In an example, the apparatus further includes a sending module, configured to send the second pricing strategy to a user terminal.

The receiving module is configured to receive a pricing strategy confirmation notification sent by the user terminal.

The solving module is configured to solve the objective function according to the second pricing strategy using the simplex method.

According to a third aspect, a computing device cluster is provided, including at least one computing device. Each computing device includes a processor and a memory, and the processor of the at least one computing device is configured to execute instructions stored in the memory of the at least one computing device, such that the computing device cluster performs the method according to the first aspect or the examples corresponding to the first aspect.

According to a fourth aspect, a computer program product including instructions is provided. When the instructions are run by a computing device cluster, the computing device cluster is enabled to perform the method according to the first aspect or the examples corresponding to the first aspect.

According to a fifth aspect, a computer-readable storage medium is provided, including computer program instructions.

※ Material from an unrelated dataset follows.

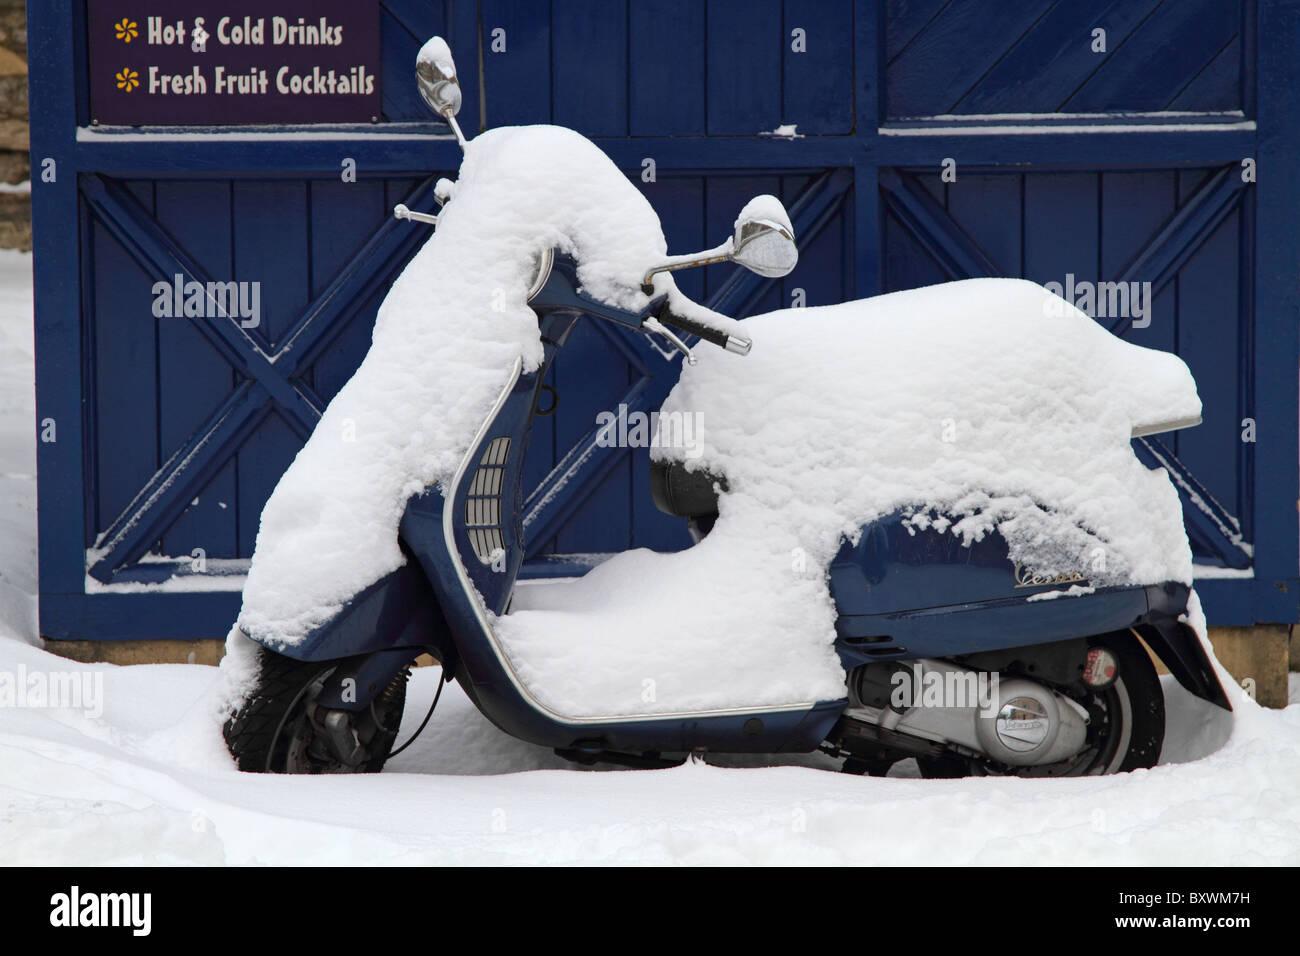 Snowy Vespa scooter de nieve, motos de nieve del vehículo Imagen De Stock

When the computer program instructions are executed by a computing device cluster, the computing device cluster performs the method according to the first aspect or the examples corresponding to the first aspect.

BRIEF DESCRIPTION OF DRAWINGS

FIG. 1 is a flowchart of an objective function solving method according to this application;

FIG. 2 is a flowchart of an objective function solving method according to this application;

FIG. 3 is a diagram of an objective function solving system according to this application;

FIG. 4 is a diagram of a structure of an objective function solving apparatus according to this application;

FIG. 5 is a diagram of a computing device according to this application;

FIG. 6 is a diagram of a computing device cluster according to this application; and

FIG. 7 is a diagram of connection between computing devices according to this application.

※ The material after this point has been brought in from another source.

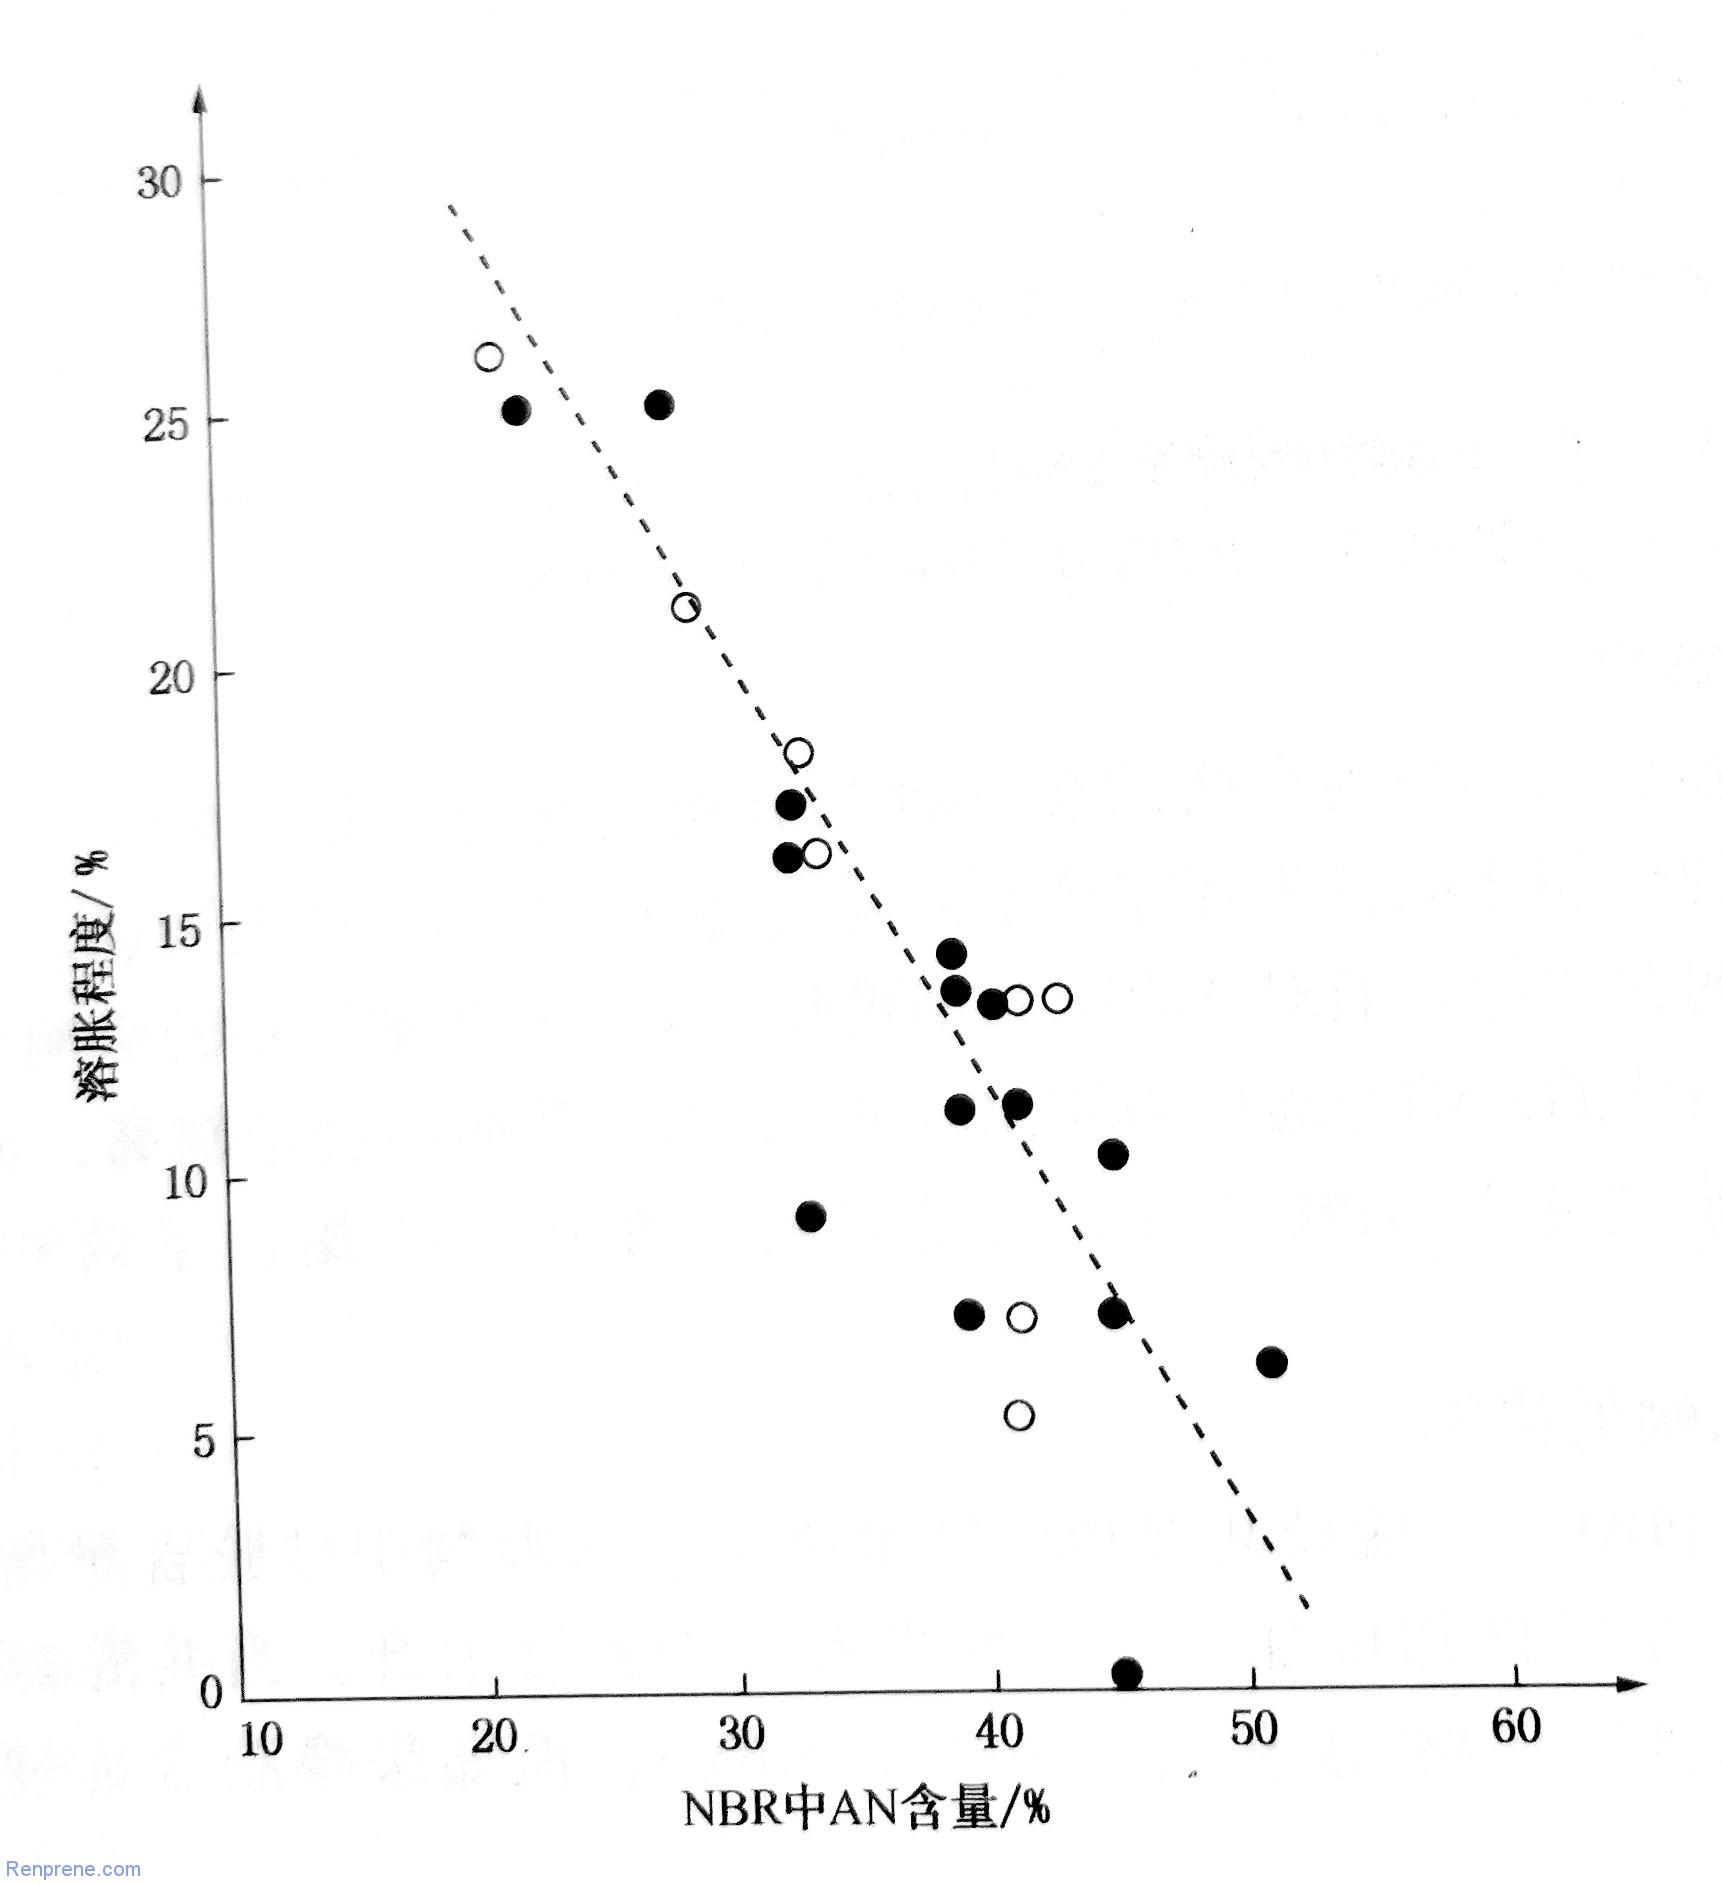 NBR-尼龙热塑性弹性体

DESCRIPTION OF EMBODIMENTS

To make the objectives, technical solutions, and advantages of this application clearer, the following further describes the implementations of this application in detail with reference to the accompanying drawings.

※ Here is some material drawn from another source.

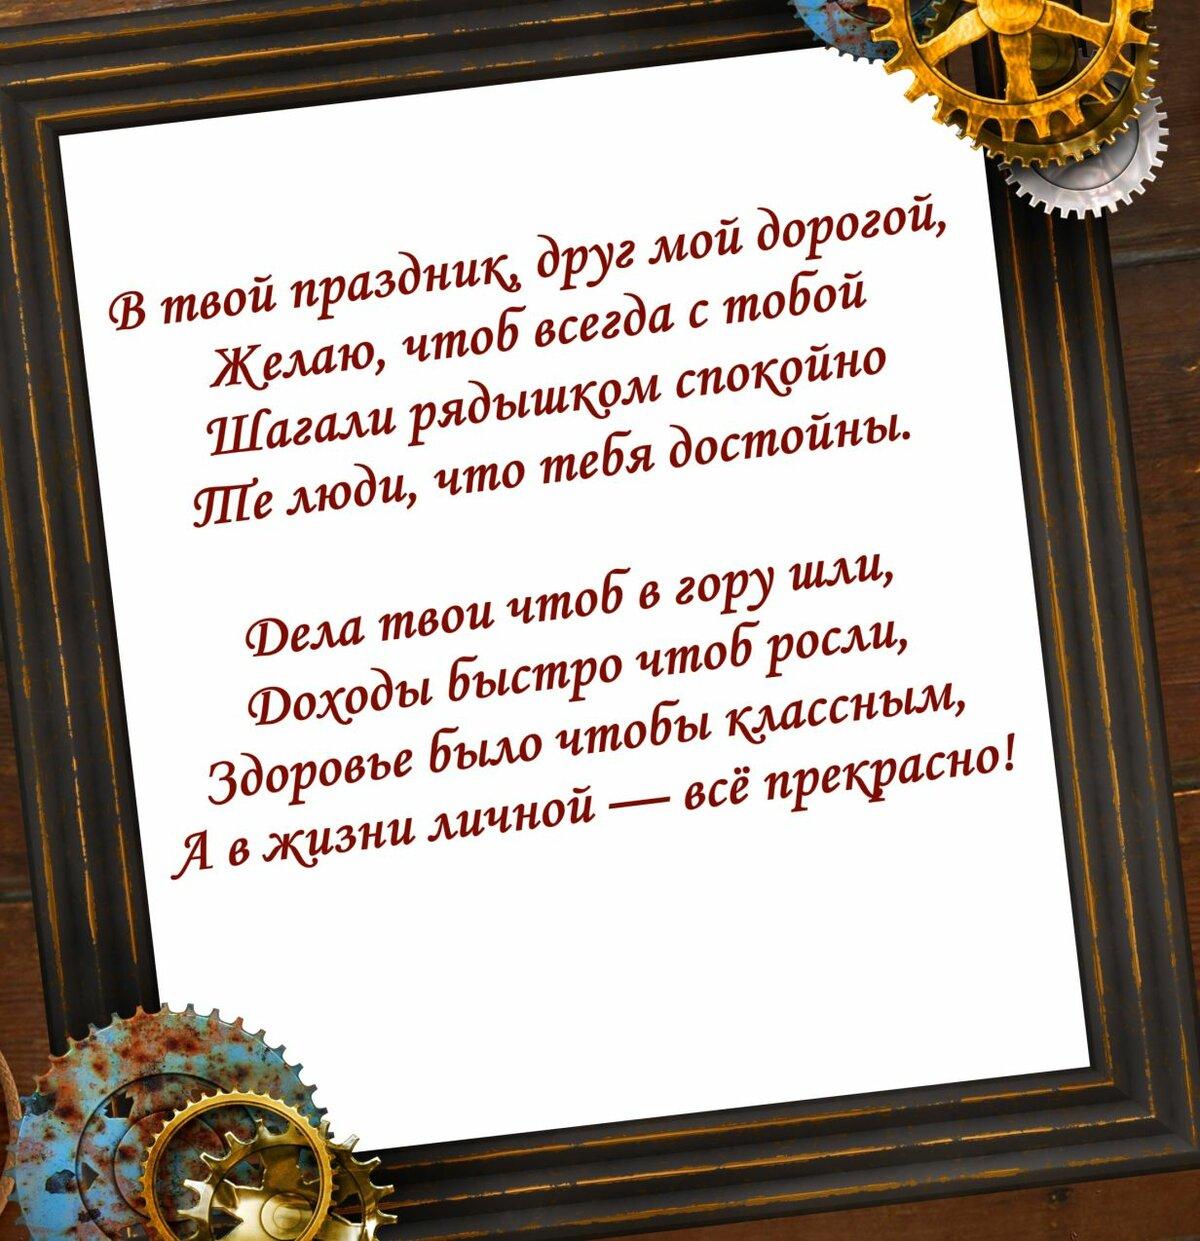 Стихотворение для поздравления друга

This application provides an objective function solving method. In the solving method, an objective function may be solved using a simplex method, such that efficiency of solving the objective function by a computing device can be improved, efficiency of performing the simplex method by the computing device can be improved, and processing resources occupied for performing the simplex method in the computing device can be reduced.

For ease of understanding of embodiments of this application, the following first briefly describes the simplex method.

The simplex method is an algorithm to resolve a linear programming problem. The main idea of the simplex method is to find a basic feasible solution and determine whether the basic feasible solution is an optimal solution. If the basic feasible solution is not an optimal solution, another solution is found based on the basic feasible solution and then whether the another solution is the optimal solution is determined. In this way, iterative operations are performed until the optimal solution is found.

In the simplex method, the to-be-solved linear programming problem may be expressed as an objective function for obtaining a maximum solution or a minimum solution, and a plurality of constraint conditions for the linear programming problem are expressed as a system of constraint equations. Then, the objective function is solved using the system of constraint equations. The objective function is actually a multi-element equation, and the objective function includes a plurality of to-be-solved variables. The system of constraint equations includes a plurality of equations, and each equation corresponds to a constraint condition of at least one variable.

For example, if the linear programming problem is to minimize production costs of a factory, variables included in an objective function are factors that affect the production costs of the factory, for example, a quantity of products produced and a quantity of employees in the factory. A coefficient corresponding to each variable may be costs corresponding to a single variable, for example, material costs of each type of product and a salary of each worker. The constraint conditions in the linear programming problem may be constraint conditions on values of different variables in the objective function, for example, a minimum or maximum production quantity of each type of product and a minimum quantity of employees in a factory. In addition, each constraint condition may be converted into a corresponding constraint equation, and constraint equations corresponding to a plurality of constraint conditions may form a system of constraint equations.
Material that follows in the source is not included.